Let’s turn from dataframe transformations to column transformations. You have a math code that takes an integer and returns an integer, and you wish to apply it to a column. The code is too complicated to express as a Column expression. You can wrap it as a UDF, but you know what UDFs are fairly inefficient. There must be another way, and it’s to create a custom Catalyst expression with code generation support.

Code generation

Code generation is a Spark mechanism to speed up the execution of expressions. Suppose you have

df.withColumn("totalCost", $"price"*$"quantity" + $"shipping")

Multiplying two numbers and adding a third is easy for the computer. But if at each step, we’ll have to lookup columns by name, retrieve them from different parts of memory (ruining caching), and only then do the math, it will be very slow. Therefore, Spark generates Java code for the expressions, combines it with code to access the columns from the InternalRow representation, and compiles it all into JVM bytecode.

The motivating example

If your source data has timestamps in milliseconds, and you want to get a Timestamp column, Spark surprisingly does not have a nice solution. Below is the simplified picture of the available time transformations.

The Timestamp type stores microseconds value, precise enough for us. But if we cast an integer to Timestamp, the integer is assumed to be a value in seconds. And if we take the long route via String, we’ll find exactly the same issue. But wait, if Timestamp uses almost the format we have, this makes for a very simple example for creating a custom operator.

The operator

The gist of our solution fits in 10 lines.

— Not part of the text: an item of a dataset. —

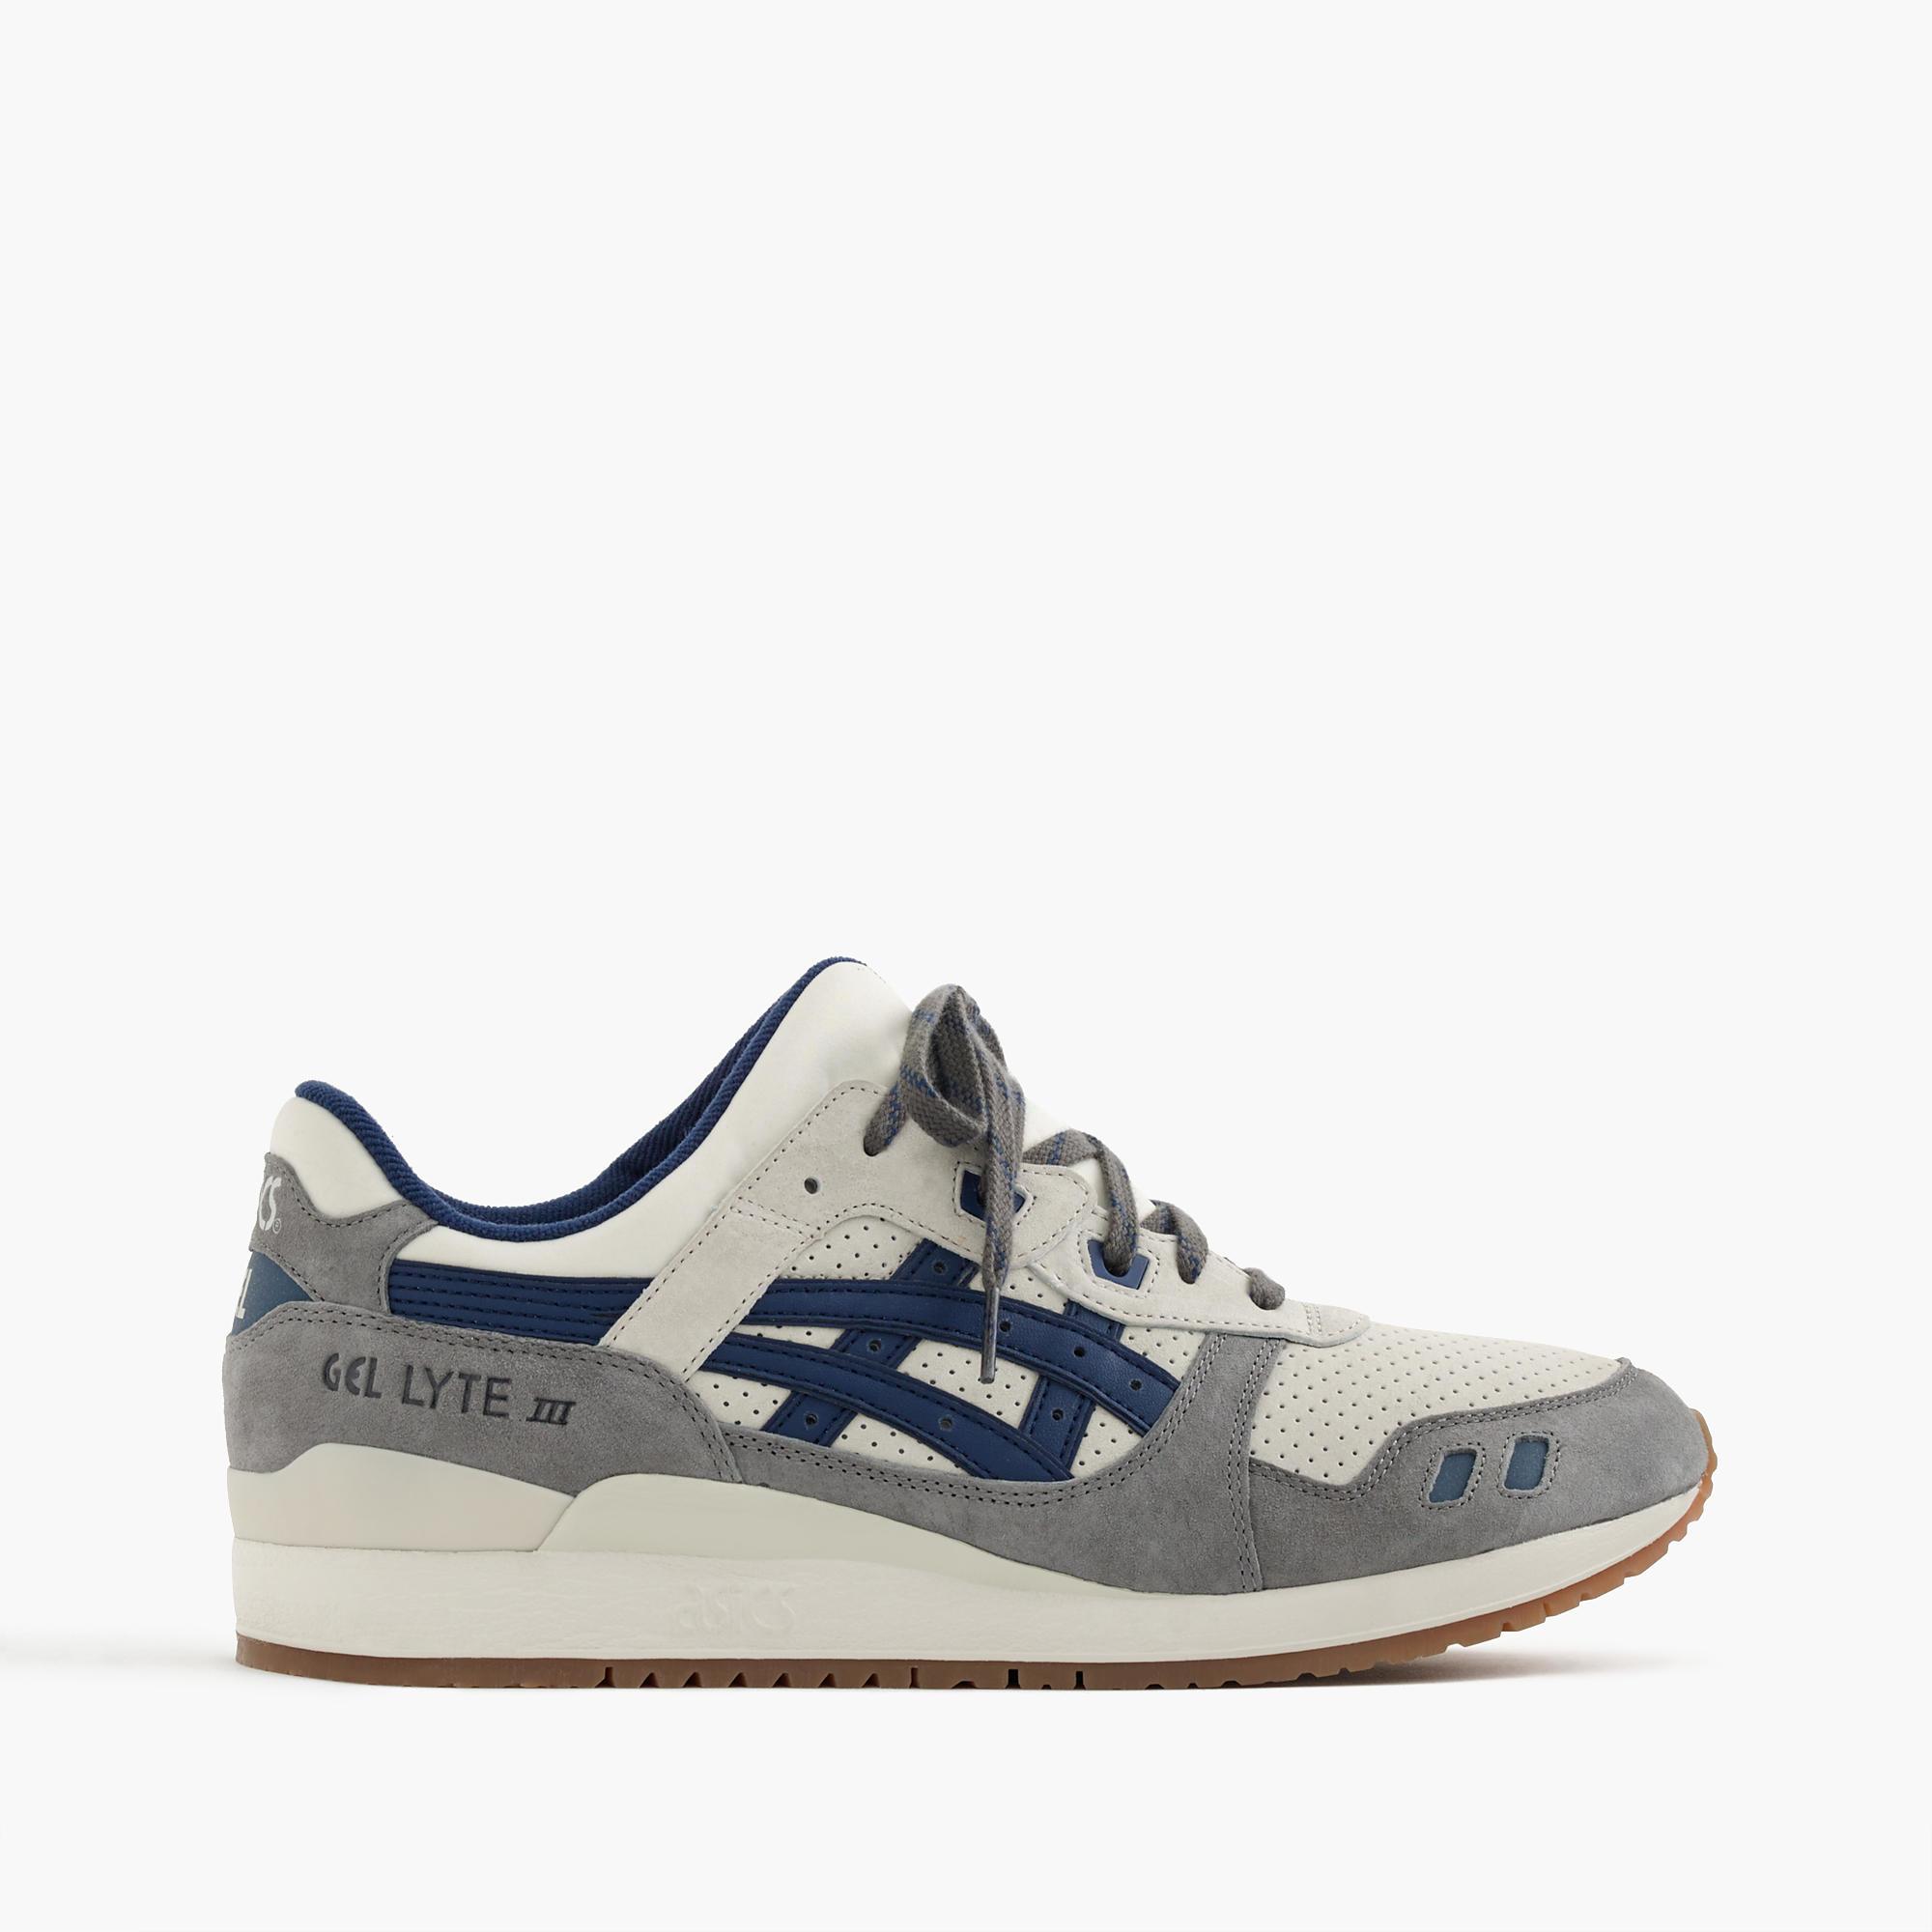 J Crew Asics Gel Lyte Iii Sneakers In Brown For Men Lyst

case class MillisToTs(millis: Expression) 
extends UnaryExpression with ExpectsInputTypes {

override def child: Expression = millis

override def inputTypes: Seq[AbstractDataType] = Seq(LongType)
override def dataType: DataType = TimestampType

override protected def doGenCode(ctx: CodegenContext,
ev: ExprCode): ExprCode = {
defineCodeGen(ctx, ev, c => s"$c * 1000")
}
}

The expression we create holds the reference to the input expression. It requires the input to be LongType, and defined the output to be TimestampType. The doGenCode method just multiplies the input by 1000, to convert from milliseconds to microseconds.

There are two further methods we have to define for completeness — one to give our function a name in debug outputs, and another as a fallback if the user has disabled code generation for any reason.

override protected def nullSafeEval(timestamp: Any): Any = {
timestamp.asInstanceOf[Long] * 1000
}

override def prettyName: String = "millis_to_ts"

Finally, we need a friendly way to use our expression:

def millis_to_ts(c: Column) = new Column(MillisToTs(c.expr))

With that in place, converting milliseconds to Timestamp is as easy as

df.withColumn("event_ts", millis_to_ts($"event_ts_ms"))

If you’re interested, the complete implementation, along with tests, is available on GitHub.

Is this any good?

As in the first example, our primary goal was to demonstrate extension mechanisms in the simplest fashion. There are other ways to convert milliseconds to timestamps, and such conversion is hardly a performance bottleneck. That said, the approach we’ve developed is safe and easy, and is useful in practice.

Conclusion

In this post, we looked at two ways to customize Spark. We created a DataFrame transformation that marks data as already sorted, and we created a UDF that converts milliseconds directly into Timestamp instances.